Ylang ylang and bergamot soap formula

One type of soap I always love to stock up on is my ylang-ylang and bergamot soap. This is a very simple and beautiful spring soap with an inviting flowery smell. Here is the formula and instructions on how to make it.

First you should buy a flower silicone mould, unless you already have one at home you can use. You can buy one here if you don’t have one already.

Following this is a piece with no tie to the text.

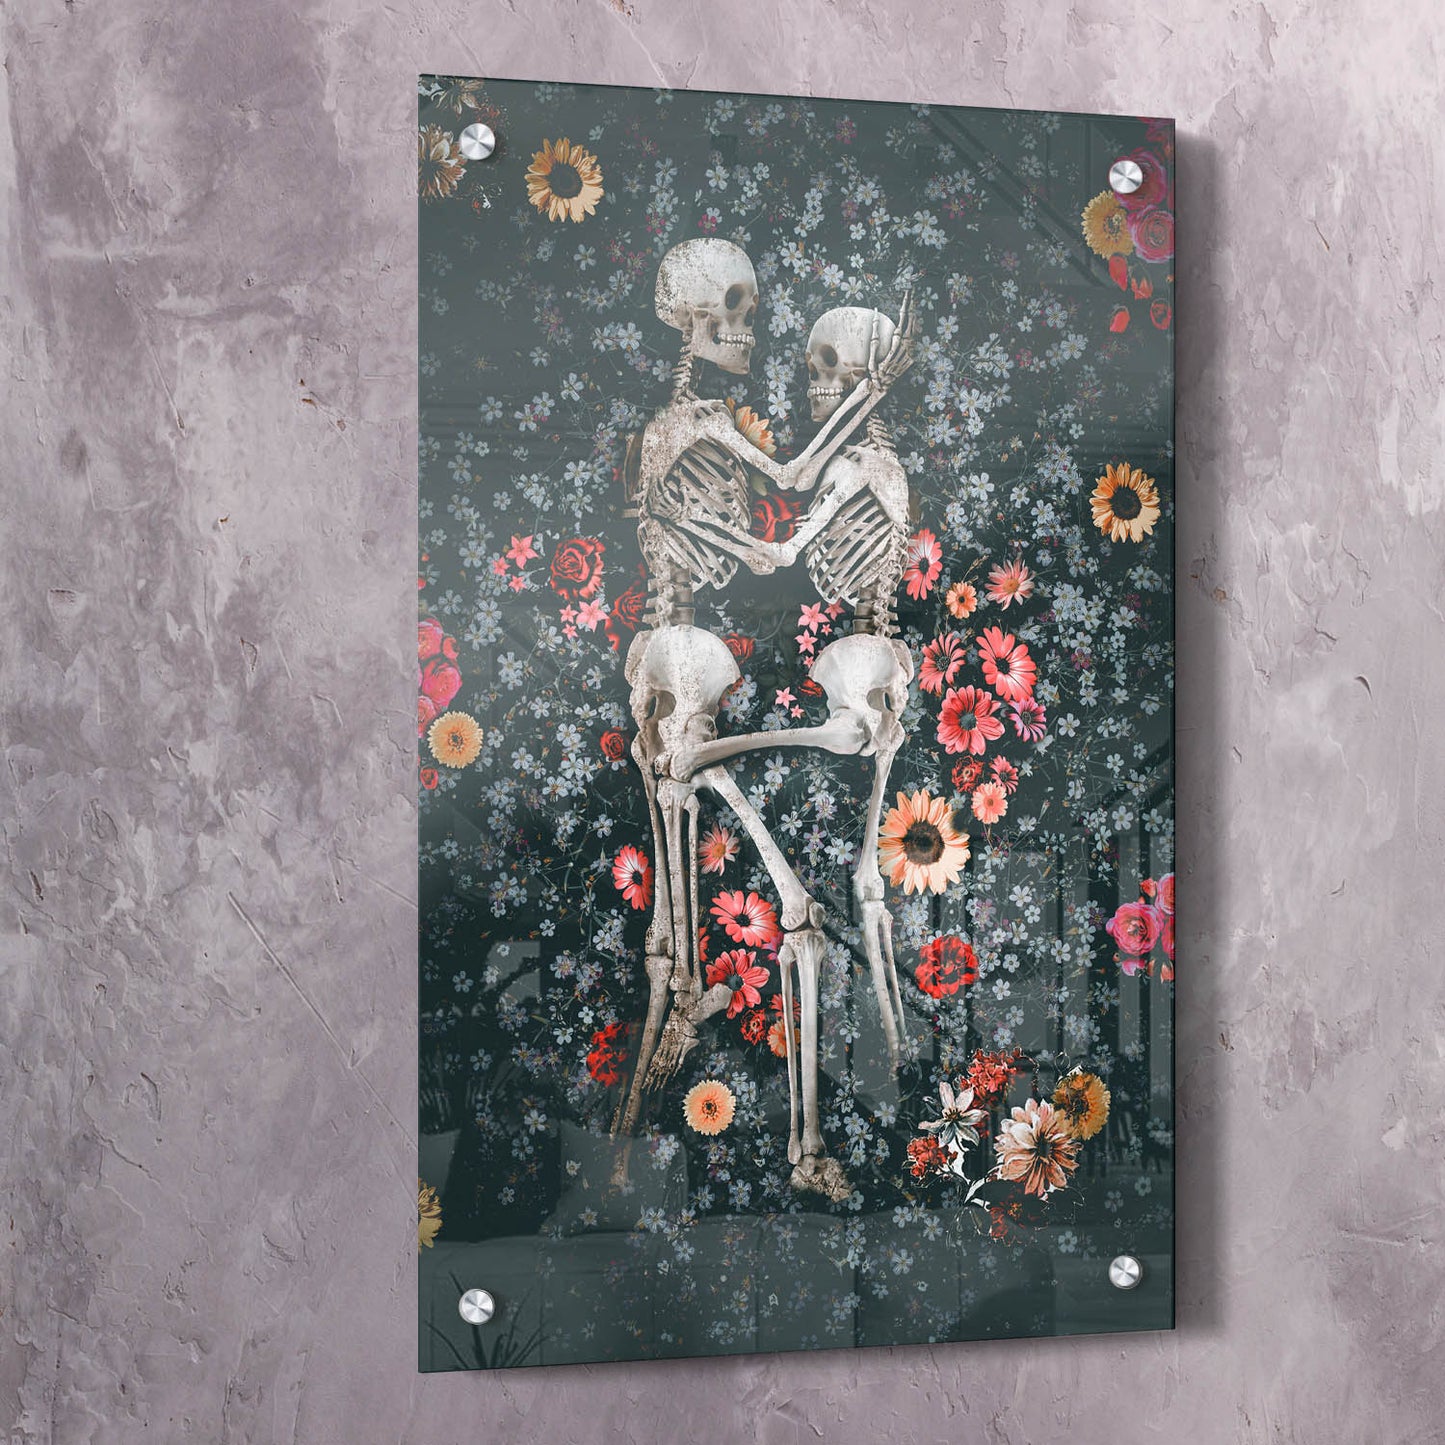 Skeleton Love Wall Art | Inspirational Wall Art Motivational Wall Art Quotes Office Art | ImpaktMaker Exclusive Canvas Art Portrait

The formula has a superfat of 7% and water as of oils 27% (we won’t be doing any complicated swirls so we don’t need the standard percentage of 38% water as of oils)

Ingredients

  • Coconut oil 100 grams
  • Olive oil 300 grams
  • Sunflower oil 50 grams
  • Castor oil 25 grams
  • Palm kernel oil 25 grams
  • Distilled or deionized water 135 grams
  • Lye (caustic soda/NaOH) 68.18 grams
  • 7 grams of bergamot essential oil and 12.5 grams of ylang-ylang essential oil
  • 0.1 grams of red iron oxide (like the one here)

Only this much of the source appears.